S = \{(r, s): regexp * string | s \in L(r) \} (where (r, s) : t)

Decision procedure of S: function \code{f: t -> bool} (f decides S)

f(x) => true iff x \in S

f is total

Decidable (recursive): if there exists a decision procedure for S

Example:

fun acc(r, s) = accept r s

(acc decides S)

Showing function can't tell whether a function is in halting problem. (undecidable)

The halting problem: HALT = \{(g, x) : (int -> int) * int | g(x) is valuable (ie. no loop) \}
Theorem: HALT is undecidable
Proof:

Suppose H is a decision procedure for HALT (H decides whether the input is in HALT)
fun loop x = loop x
fun diag (x: int): int = if H (diag, x) then loop 0 else 0
(Contradiction, because if H says diag do not loop, then it loop)

Showing function can't tell whether a function with 0 as argument is in halting problem. (undecidable)

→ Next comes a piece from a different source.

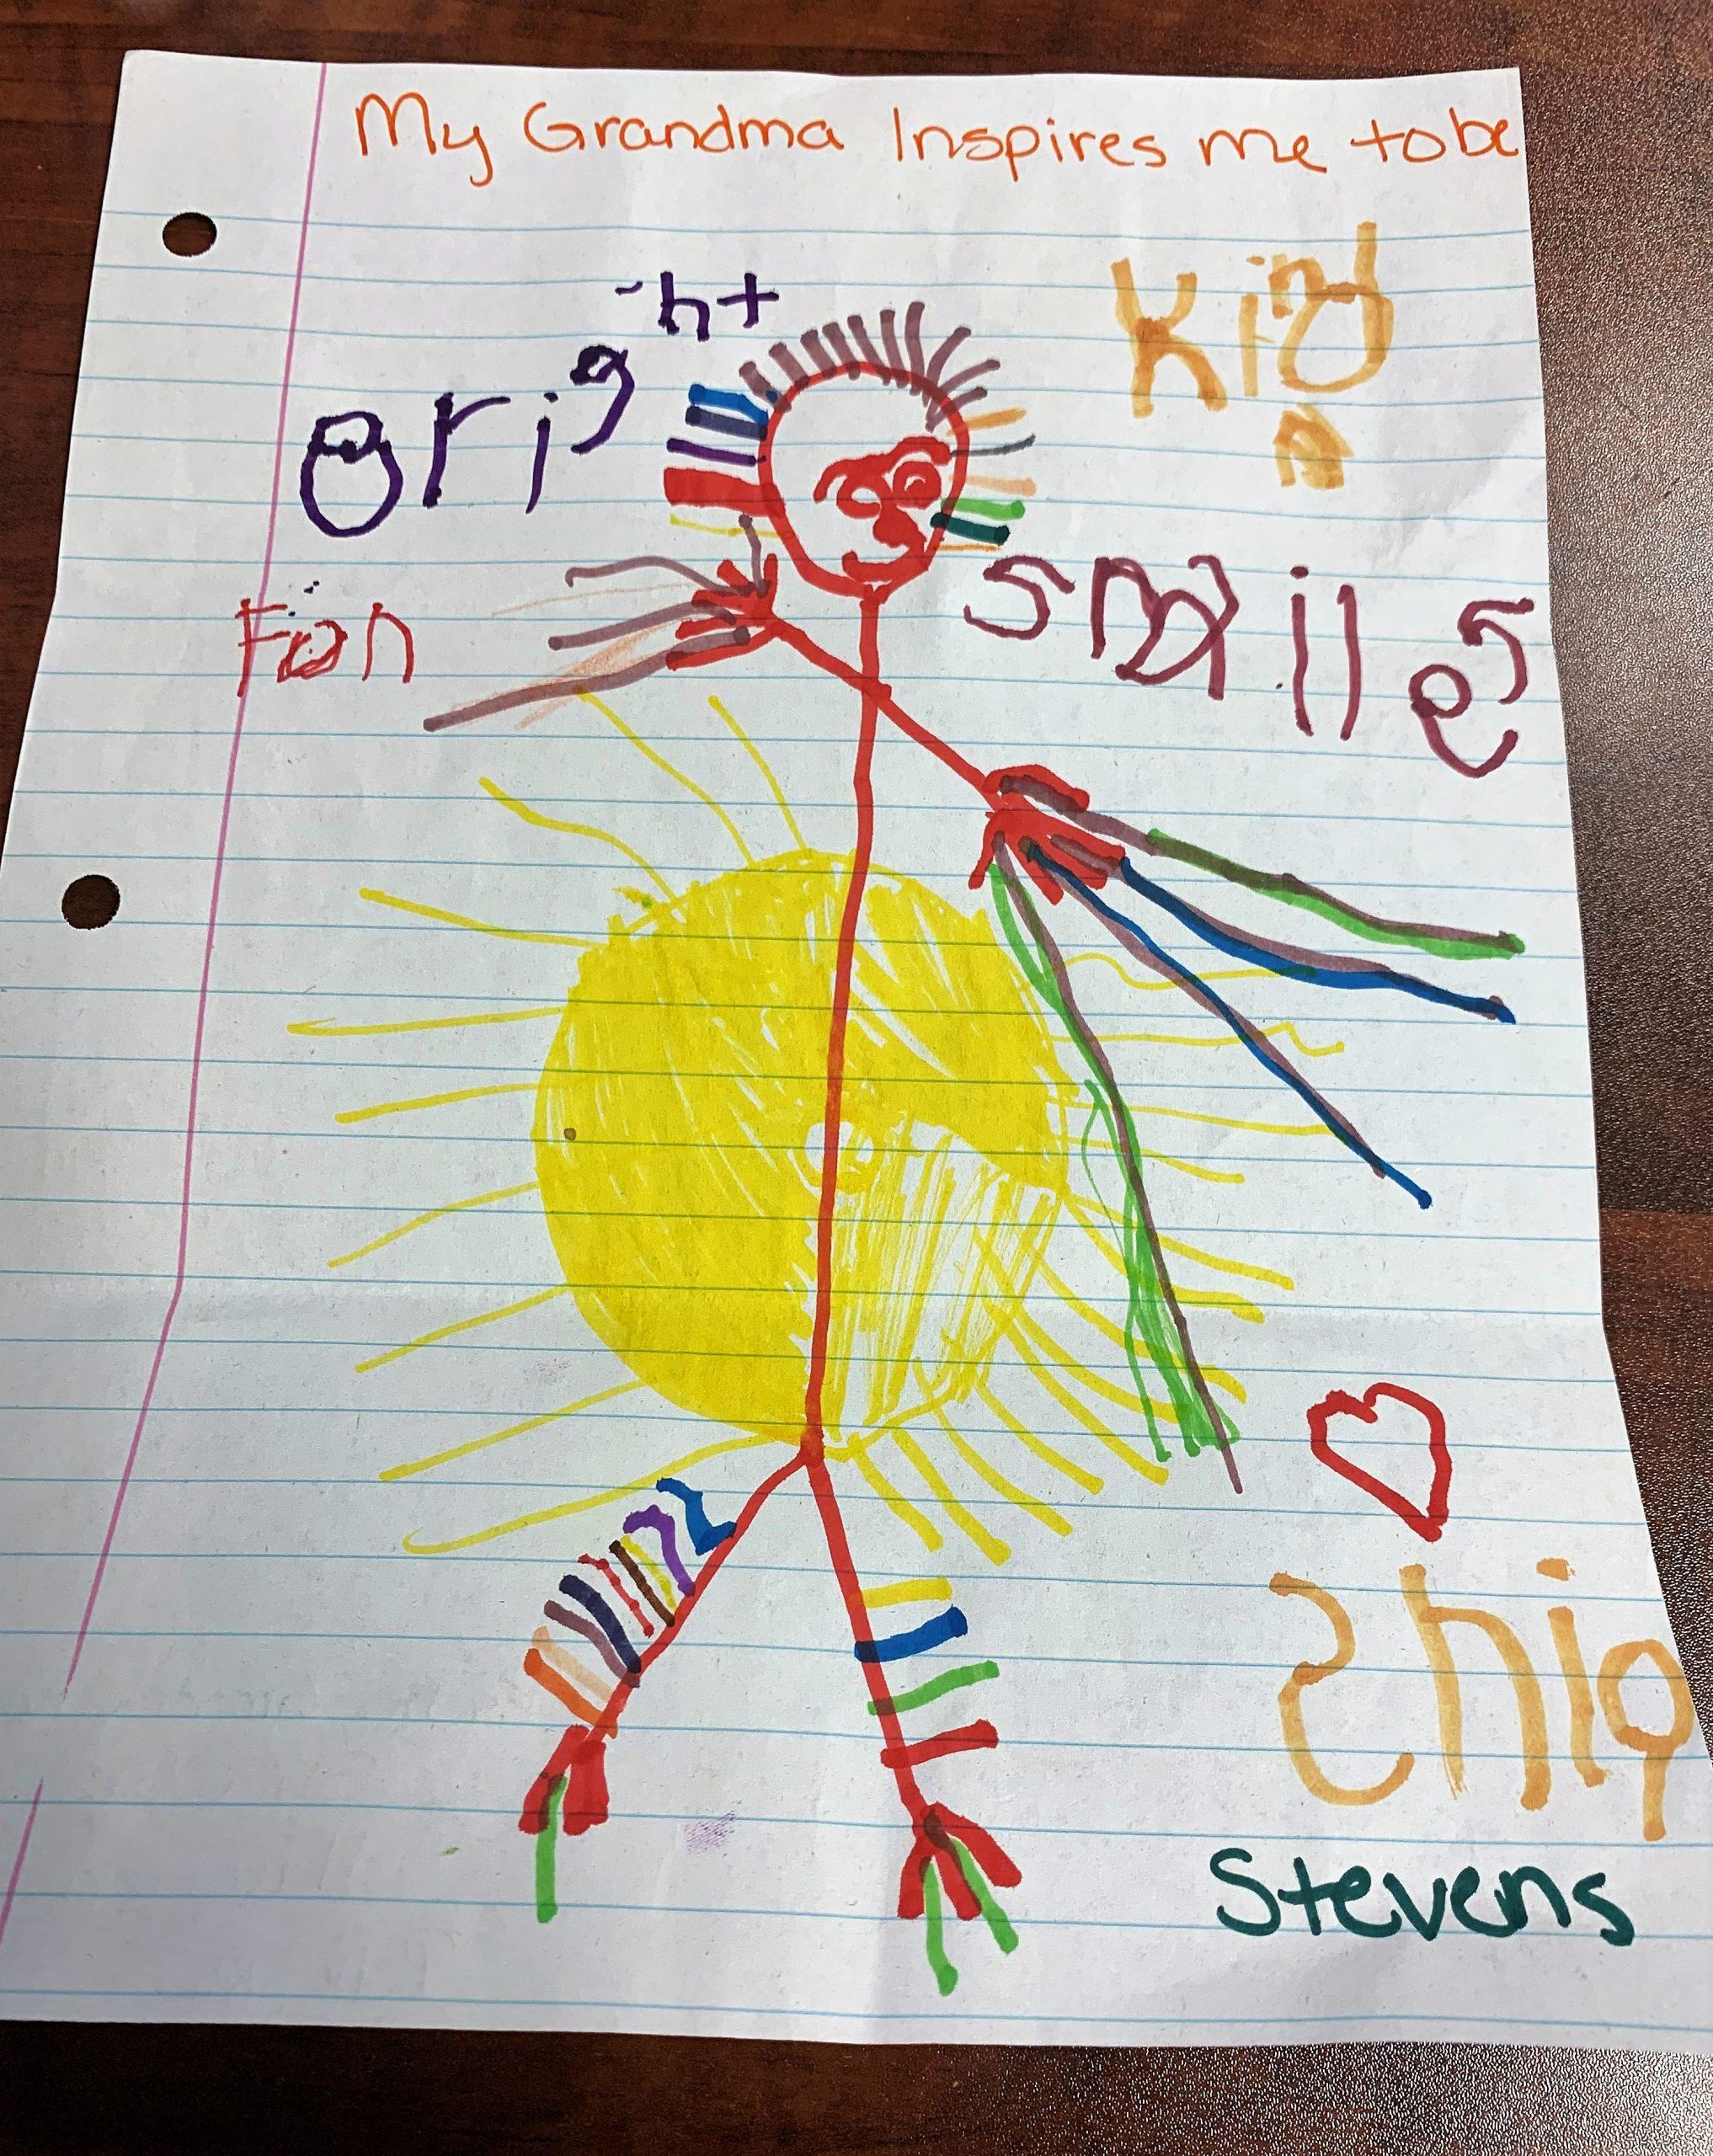 (Shia S.'s Winning Drawing)

HALT0 = \{g : int -> int | g(0) is valuable \}
Theorem: HALT0 is undecidable
Proof:

Suppose Z: (int -> int) -> bool decides HALT0
(* Now we are creating an H from already working Z *)
fun H (g: int -> int, x : int) : bool = Z (fn _ => g x_)
(* Therefore, Z should not exist because H does not exist *)

Reduction: HALT <= HALT0 (if I can do HALT0, then at least I can do HALT), HALT is easier than HALT0 (If HALT0 is decidable, then HALT is decidable)

Showing exists function that loop or tell whether a function is in halting problem (R.E.)

Semi-Decision procedure (recursively enumerable, r.e.): may not be total (can loop)

HALT0 is r.e. (as well as HALT)
fun Z (g: int -> int) : bool = (g 0; true)

Sets

Co-r.e.: if S is in r.e., then \not S is in co-r.e.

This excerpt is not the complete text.